I've been waiting for my friend to email this picture so I could post it. This is a 13.5" Bluegill that I got at AEP on Memorial Day weekend. I had no idea at the time that the current state record is 12.5"... wish I wouldn't have ate him...


----------



## FishinFreak26 (Jul 26, 2007)

I could be wrong, but that looks like a crappie. Nice fish nonetheless!


----------



## Big E (Jan 6, 2006)

Yep... Nice Crappie


----------



## backstraps (Jun 18, 2008)

i cant see the pic


----------



## tombo131 (Apr 23, 2008)

The pics look like it, but I could have swore at the time he had the distinct 'gill pattern. Either way, was a nice panfish =)


----------



## backstraps (Jun 18, 2008)

yes i see em now, and true in deed its a gooding looking fish. he would of went good with a beer!!!


----------



## JignPig Guide (Aug 3, 2007)

Nice 13.5-inch Crappie.


----------



## guppygill (May 8, 2004)

Nice crappie


----------



## Floatin Saloon (Apr 13, 2004)

Decent Crappie. Maybe you posted the wrong pic. That's definitely a Crappie


----------



## Floatin Saloon (Apr 13, 2004)

Do not take our correction the wrong way. Nice fish. Keep on fishin, keep on eatin, keep on postin. I'll go out on a limb and say that's a White Crappie. I'll post a pic of my son with a 13.5 inch plus Black Crappie caught this Spring at Piedmont


----------



## Floatin Saloon (Apr 13, 2004)

About 15 years ago my son caught a 12 inch Blue Gill at Jefferson Reclamation Area. Brought it home in a bucket and told me to look. I said nice Crappie. He said you better look again. I had it mounted for him.

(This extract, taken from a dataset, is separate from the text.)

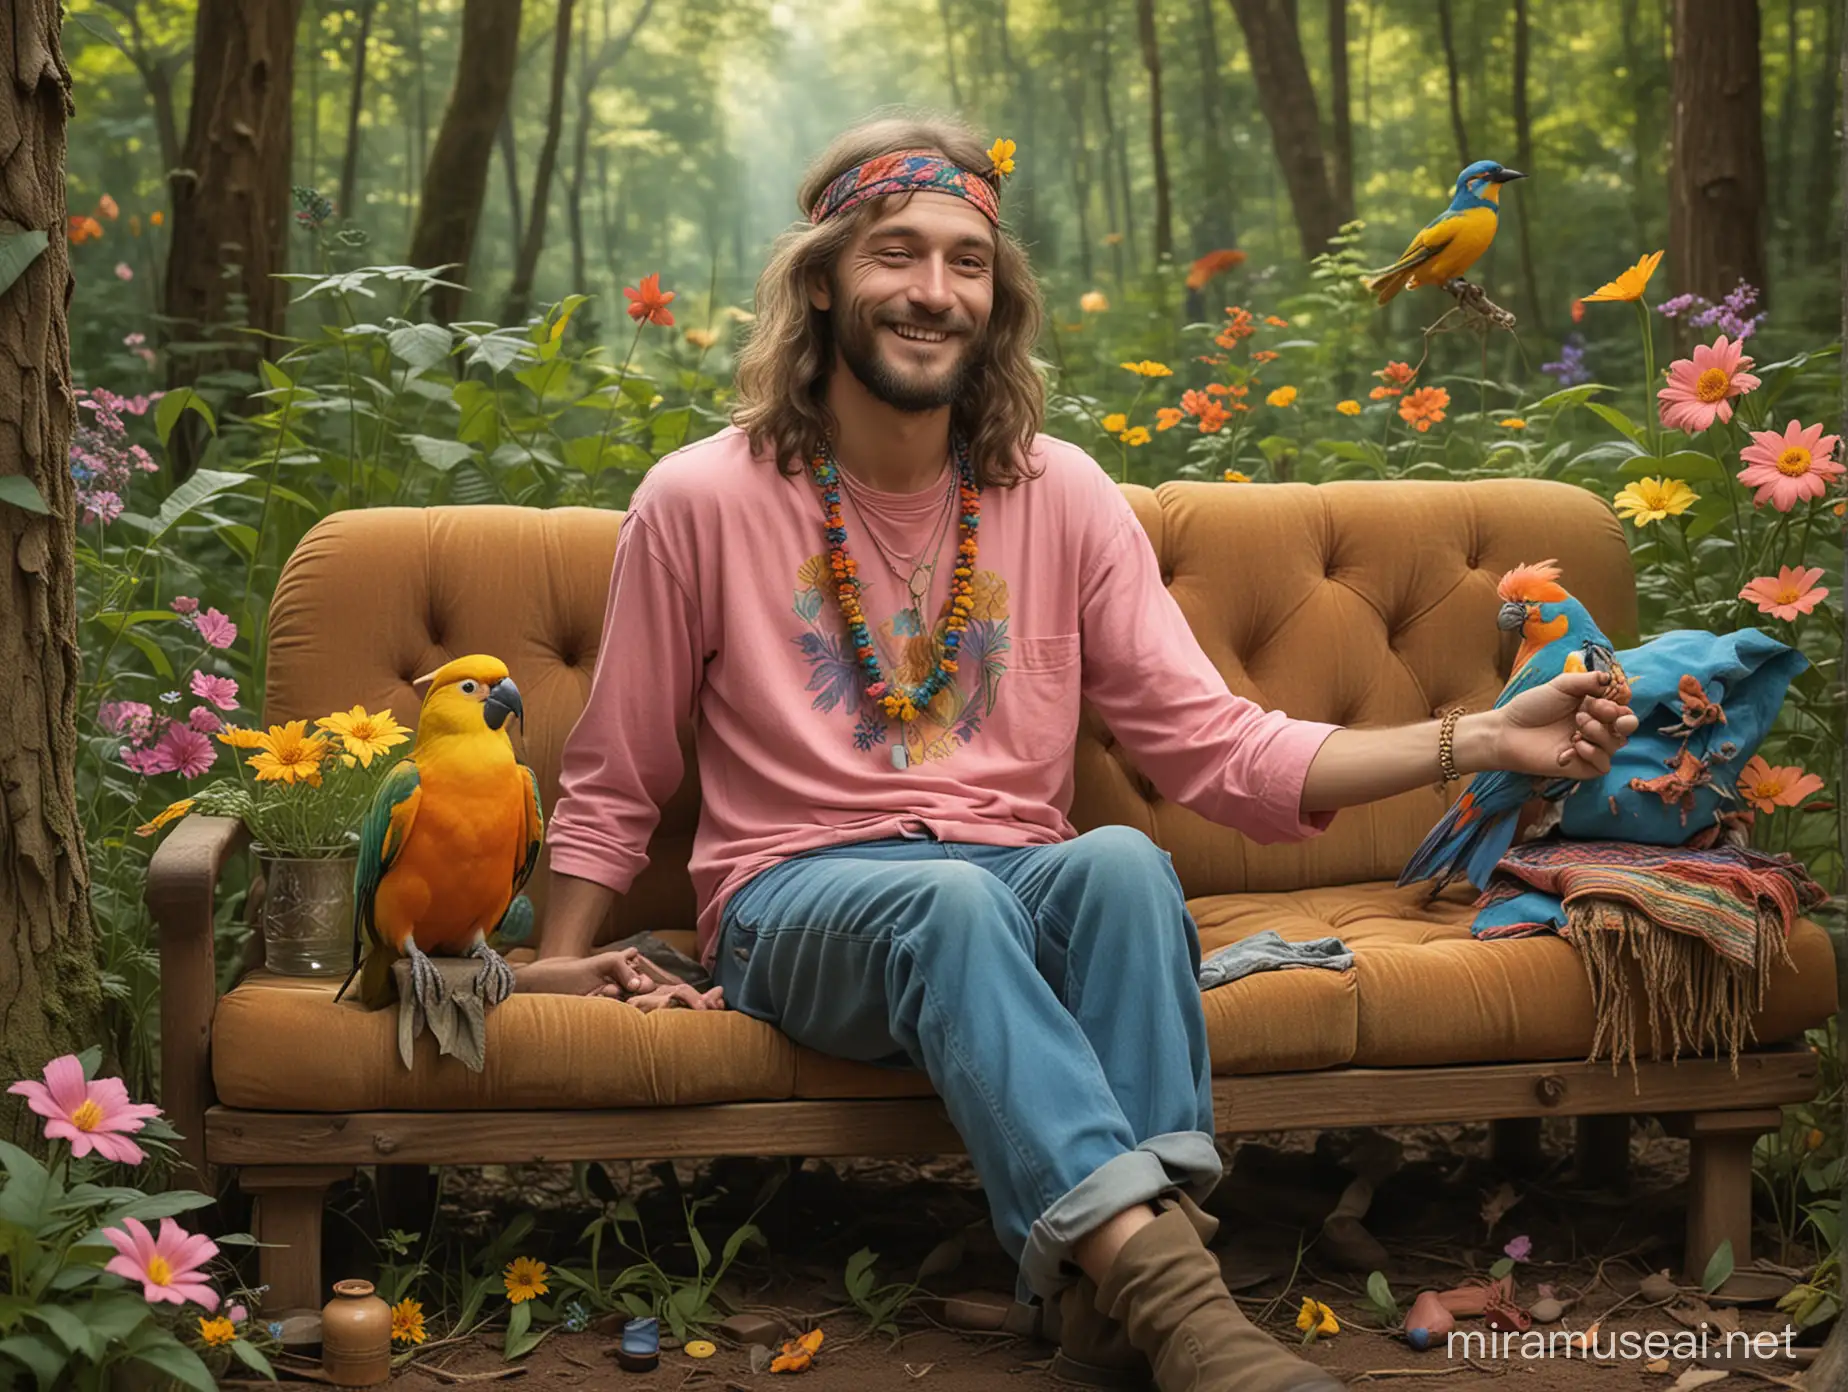 In the forest, there was a hippie man sitting on a sofa, smoking marijuana and smiling. Next to him was a vase with pink, yellow, and blue flowers. Around him were various animals, such as an orange bird buying a green shirt and a pink mechanic.

Its on the wall in our spare bedroom. Note his left hand had to hold the tail up for a decent shot


----------



## theprowler (Jul 14, 2004)

It is a good crappie.


----------



## Fishman (Apr 5, 2004)

That's what bluegills look like  Very nice White Crappie ya caught there.


----------



## Floatin Saloon (Apr 13, 2004)

I'll take about 25 of them and an 18 pack and be in heaven


----------



## FishinFreak26 (Jul 26, 2007)

Floatin Saloon said:


> I'll take about 25 of them and an 18 pack and be in heaven


Amen brother


----------



## dugworm (May 23, 2008)

That's a crappie, dude. Nice fish. :G


----------



## jshbuckeye (Feb 27, 2005)

Nice fish what did ya catch it on.


----------



## peple of the perch (Sep 13, 2004)

Definitely a crappie, fish Ohio size too.


----------



## chaunc (Apr 11, 2004)

tombo131 said:


> I've been waiting for my friend to email this picture so I could post it. This is a 13.5" Bluegill that I got at AEP on Memorial Day weekend. I had no idea at the time that the current state record is 12.5"... wish I wouldn't have ate him...


Dont think i've ever seen any body that fishes, holding a crappie with fish grippers. Could be why he thought it was a bluegill.


----------